------ COLLECTED MATERIAL ------

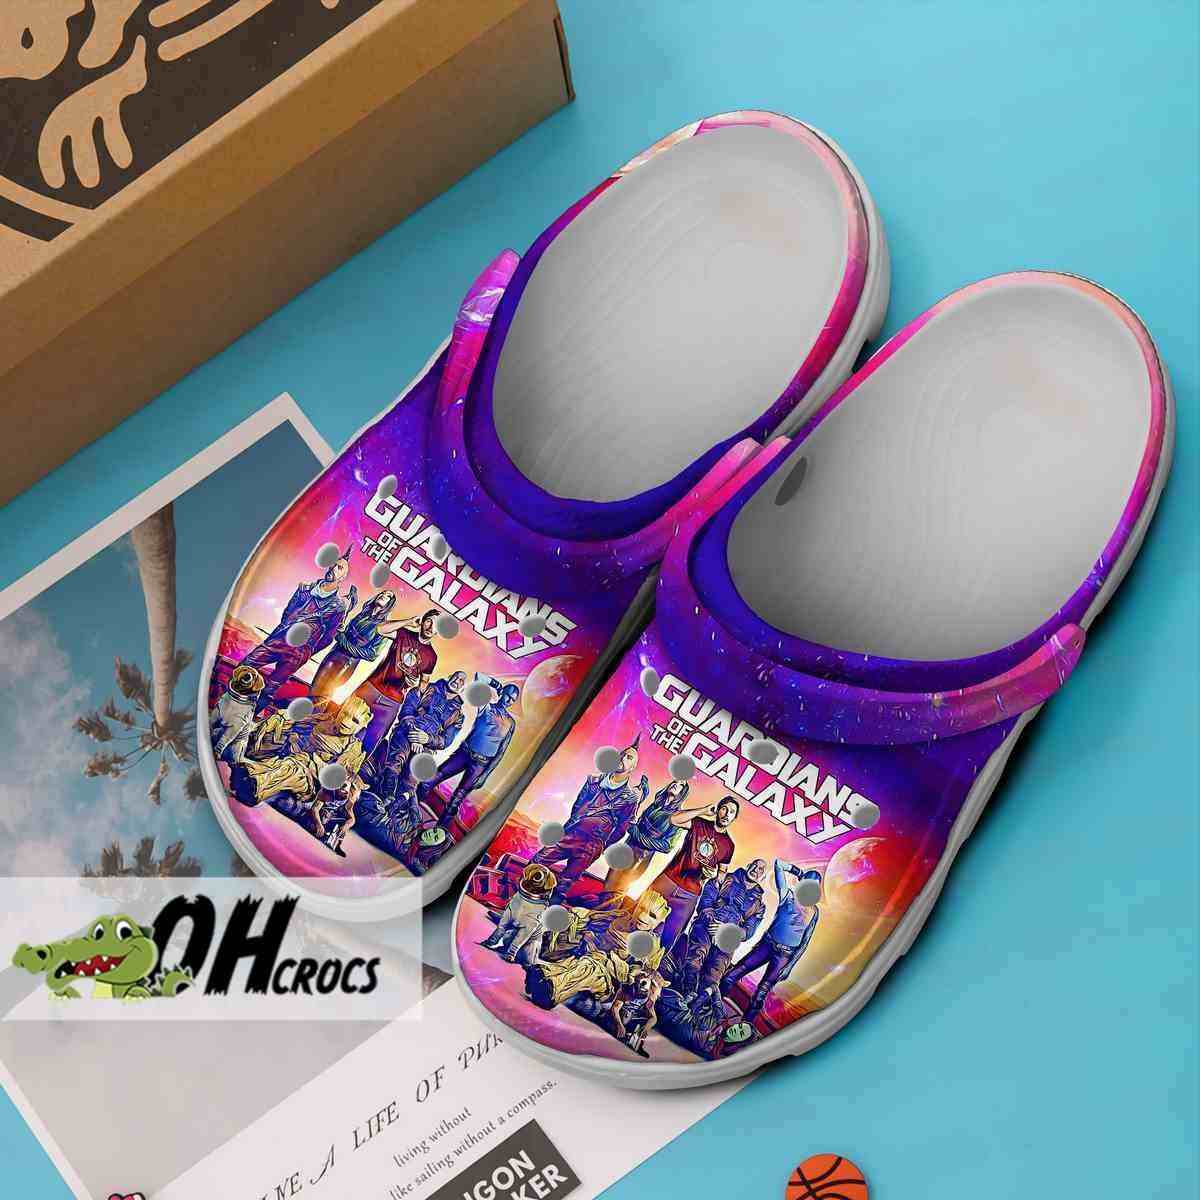 Guardians of the Galaxy Team Crocs Shoes
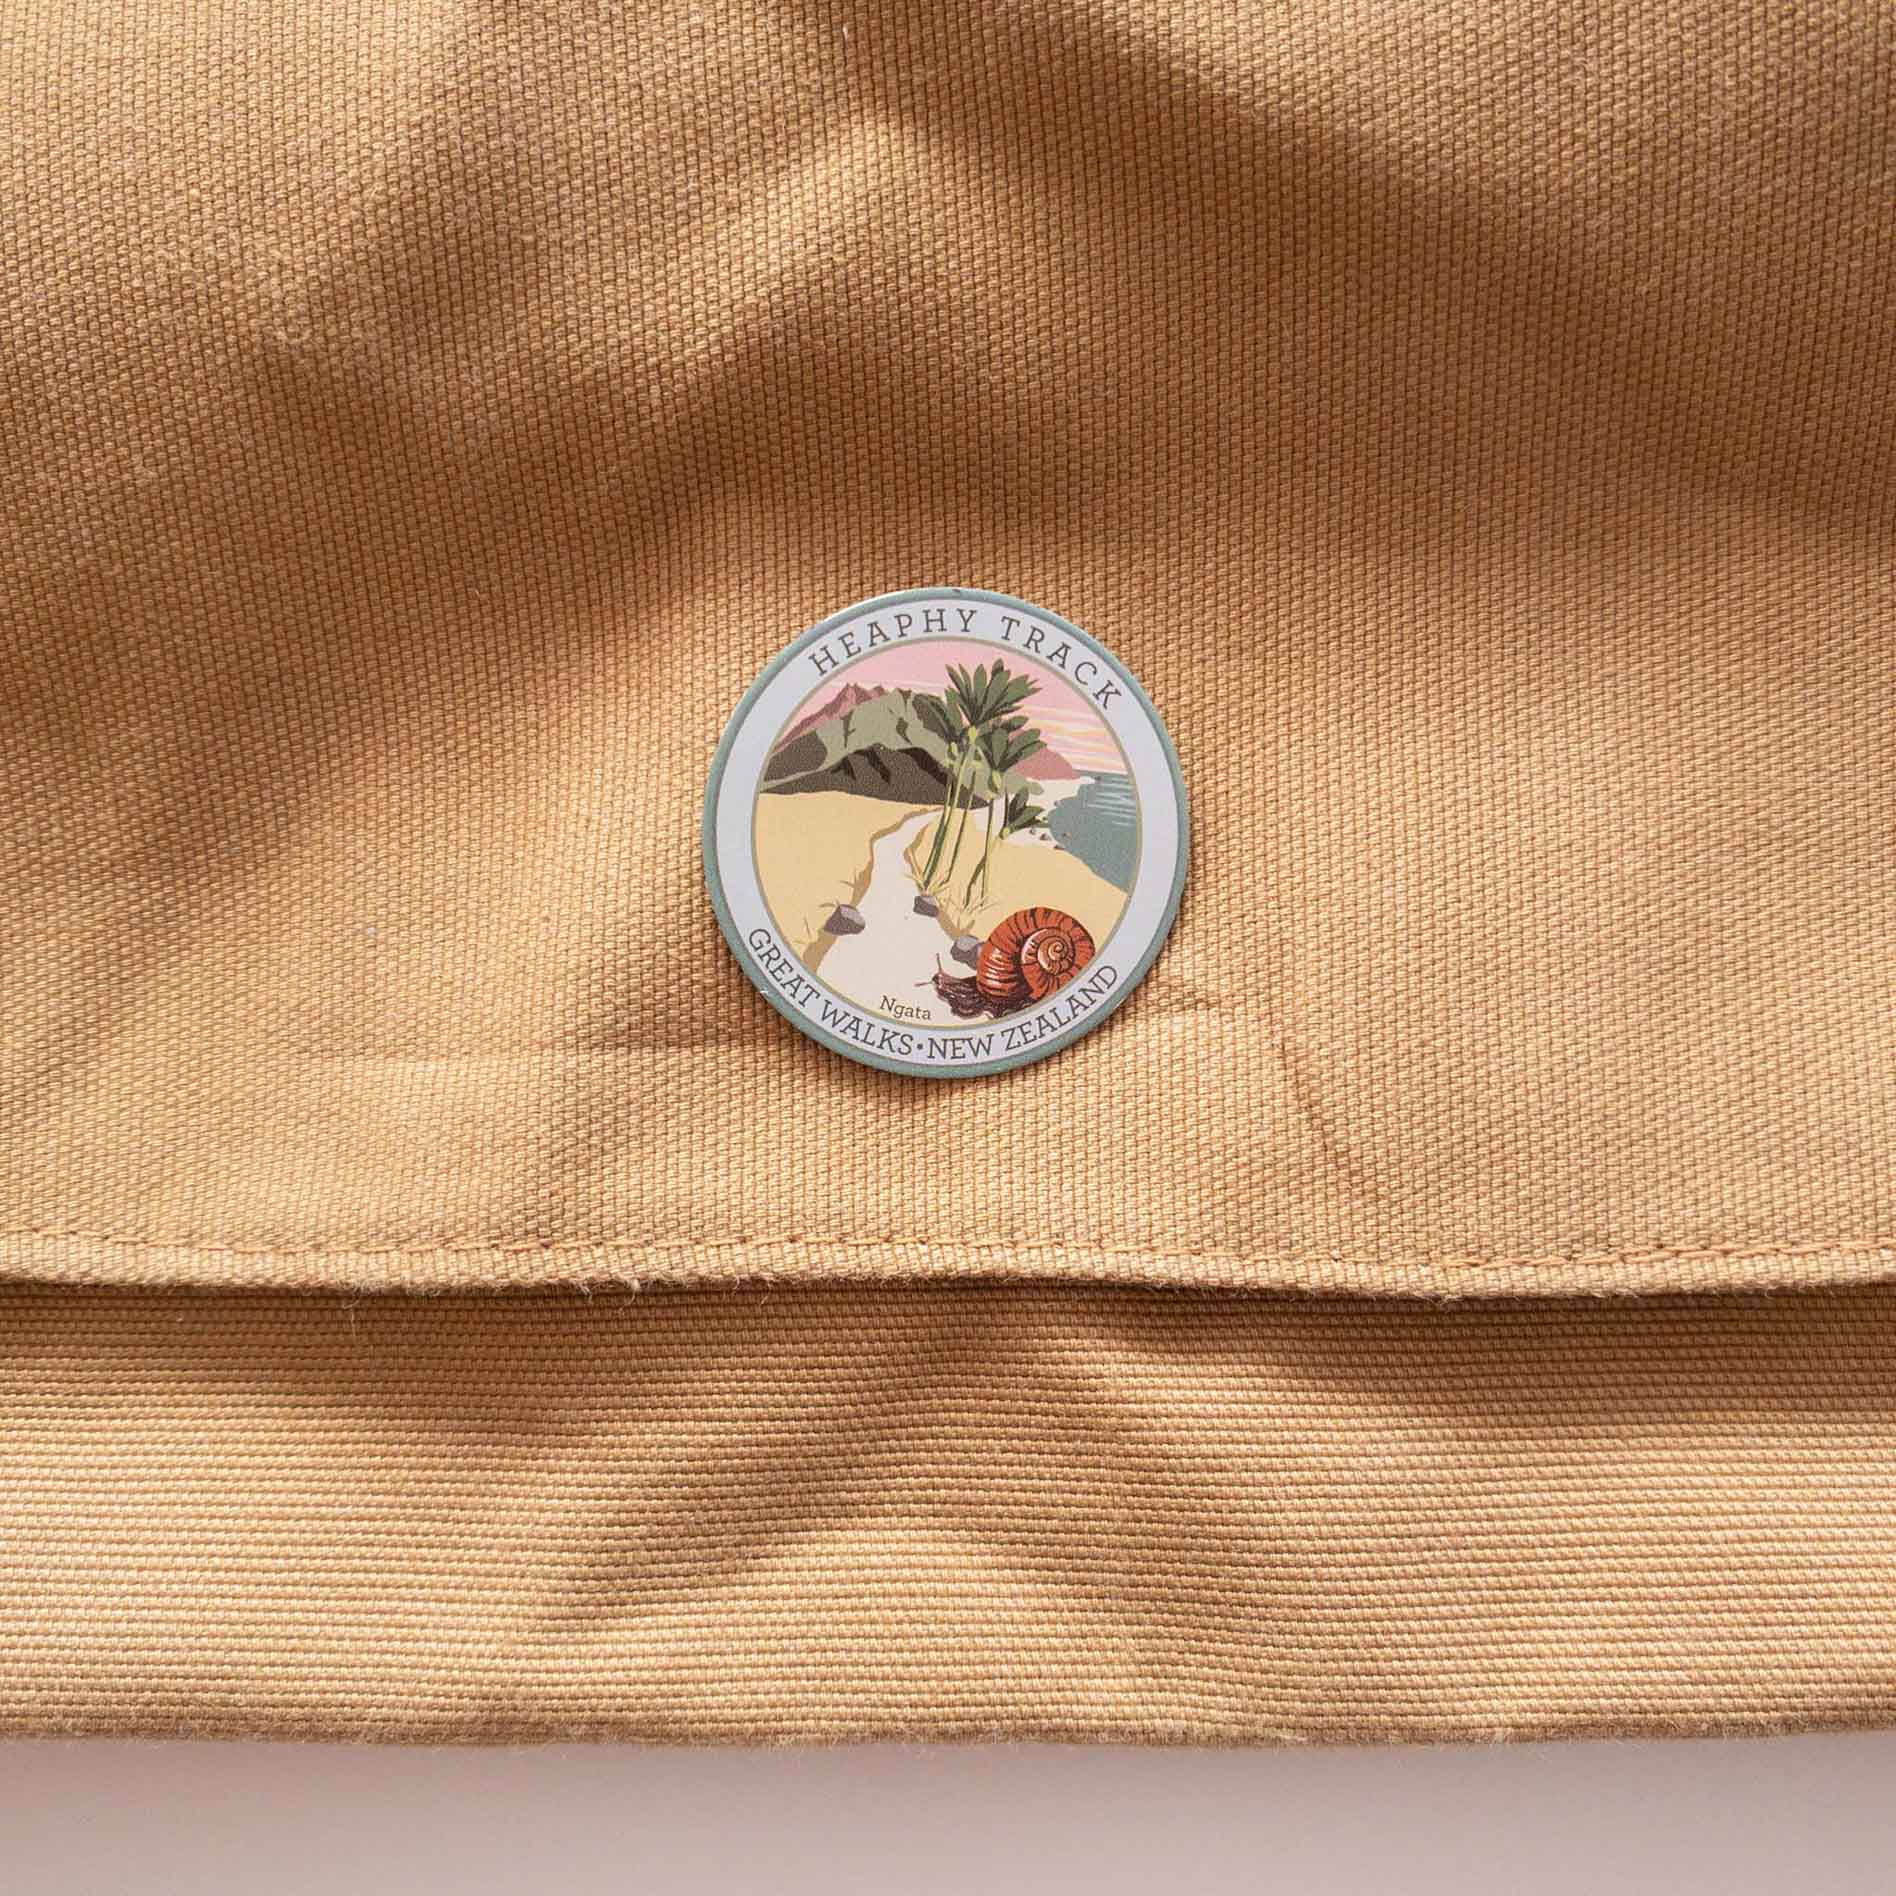 Round Heaphy Track pin, with a snail, nikau palms, green hills and pink sky, on a brown canvas bag.
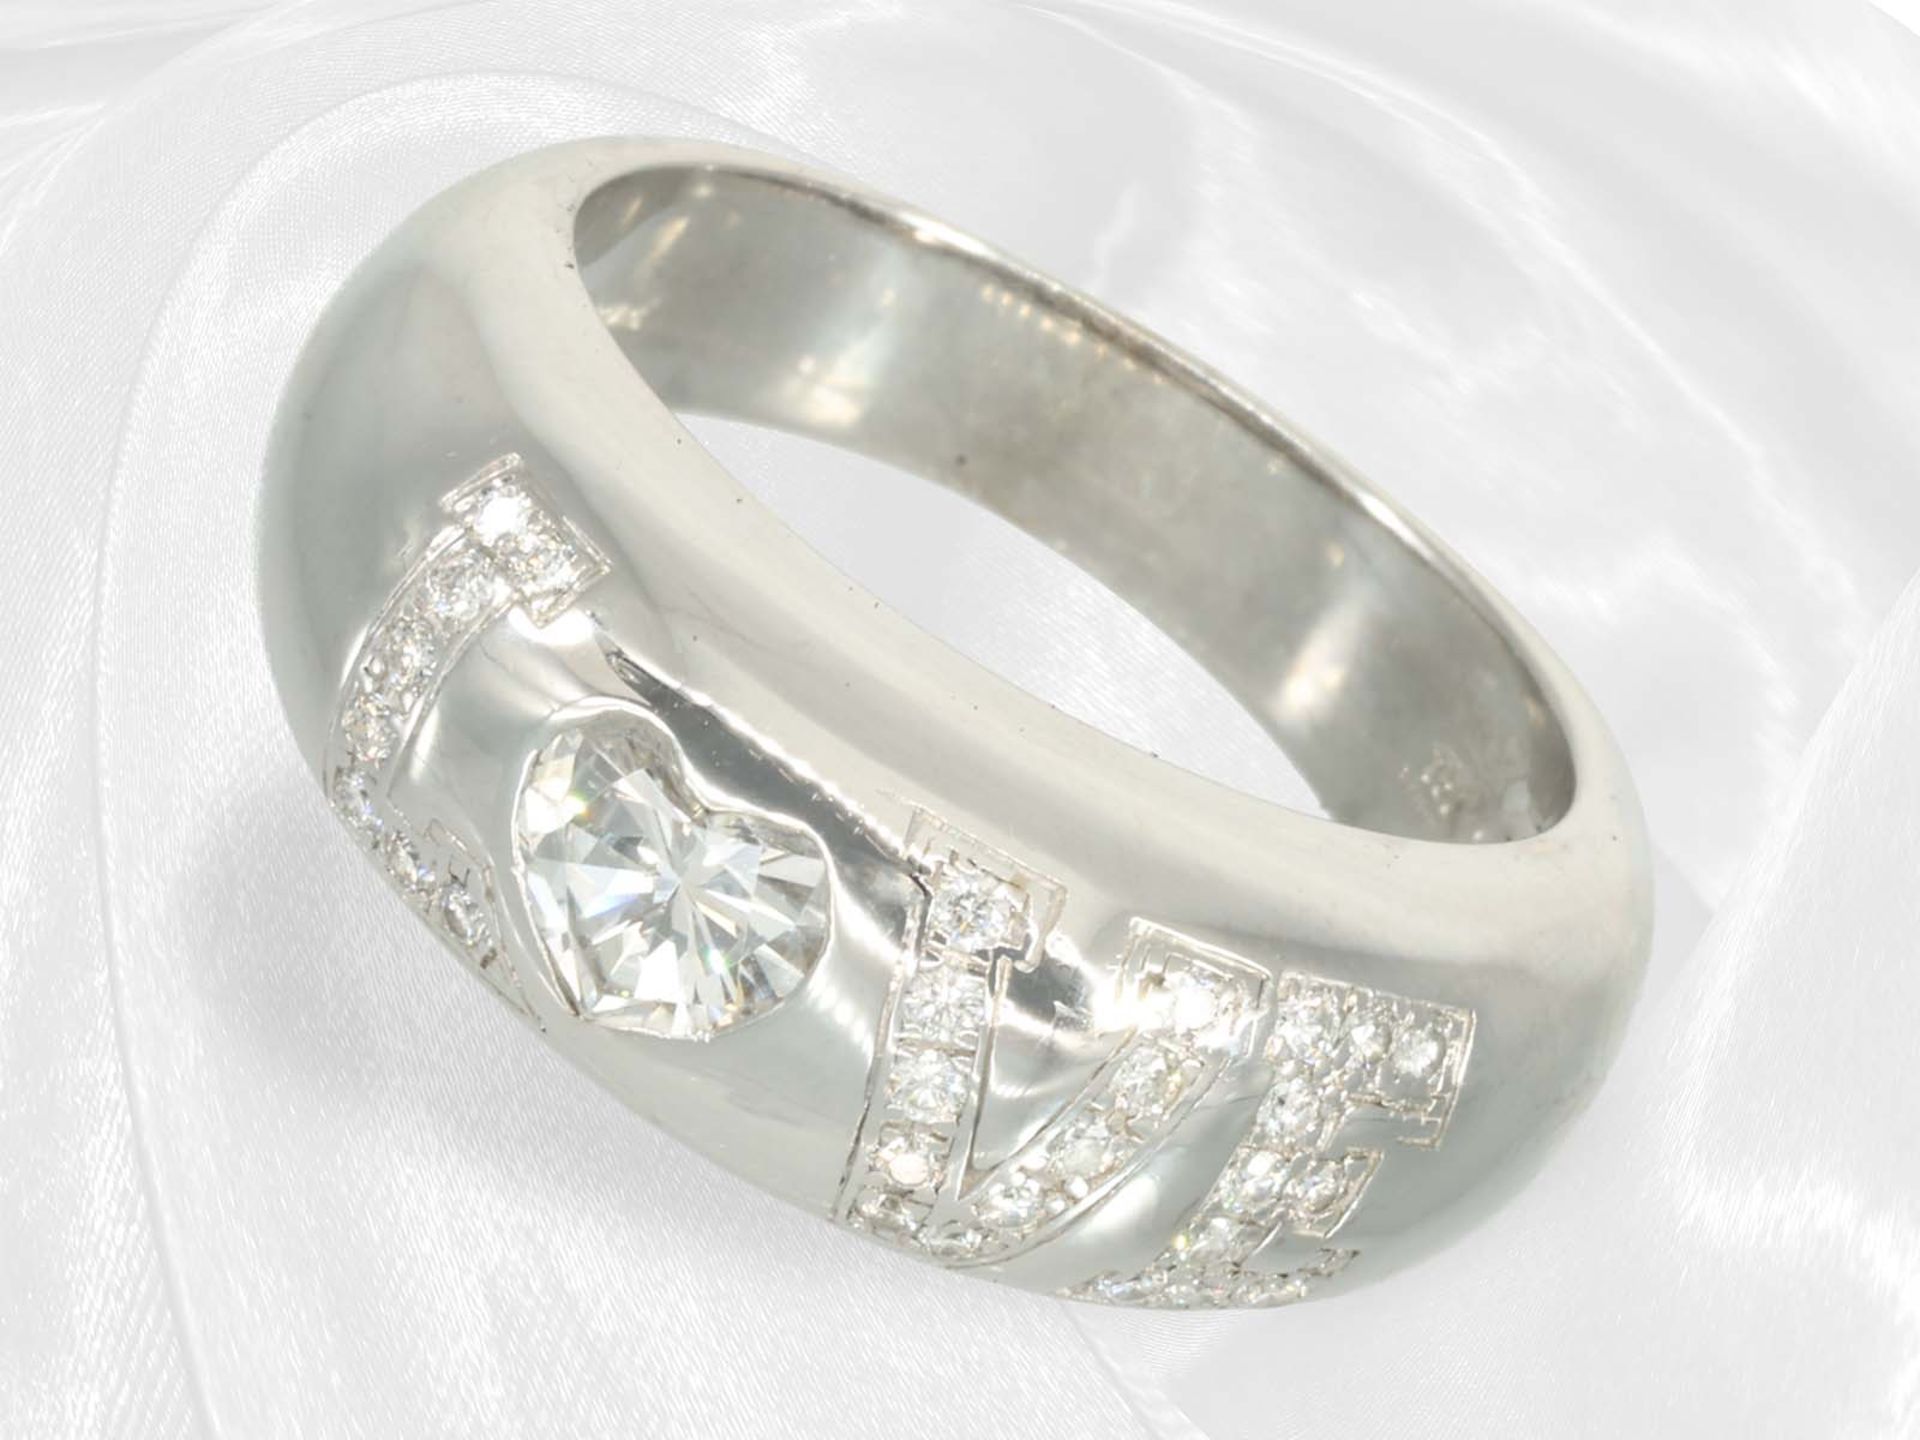 High quality designer white gold ring "Love" with brilliant-cut diamonds, signed Chopard, including

------

> WHAT YOU HAVE TO DO: Could you write out the whole listing exactly, dropping the pictures?

> WRITTEN RESPONSE:
 Guardians of the Galaxy Team Crocs Shoes
 Round Heaphy Track pin, with a snail, nikau palms, green hills and pink sky, on a brown canvas bag.
 High quality designer white gold ring "Love" with brilliant-cut diamonds, signed Chopard, including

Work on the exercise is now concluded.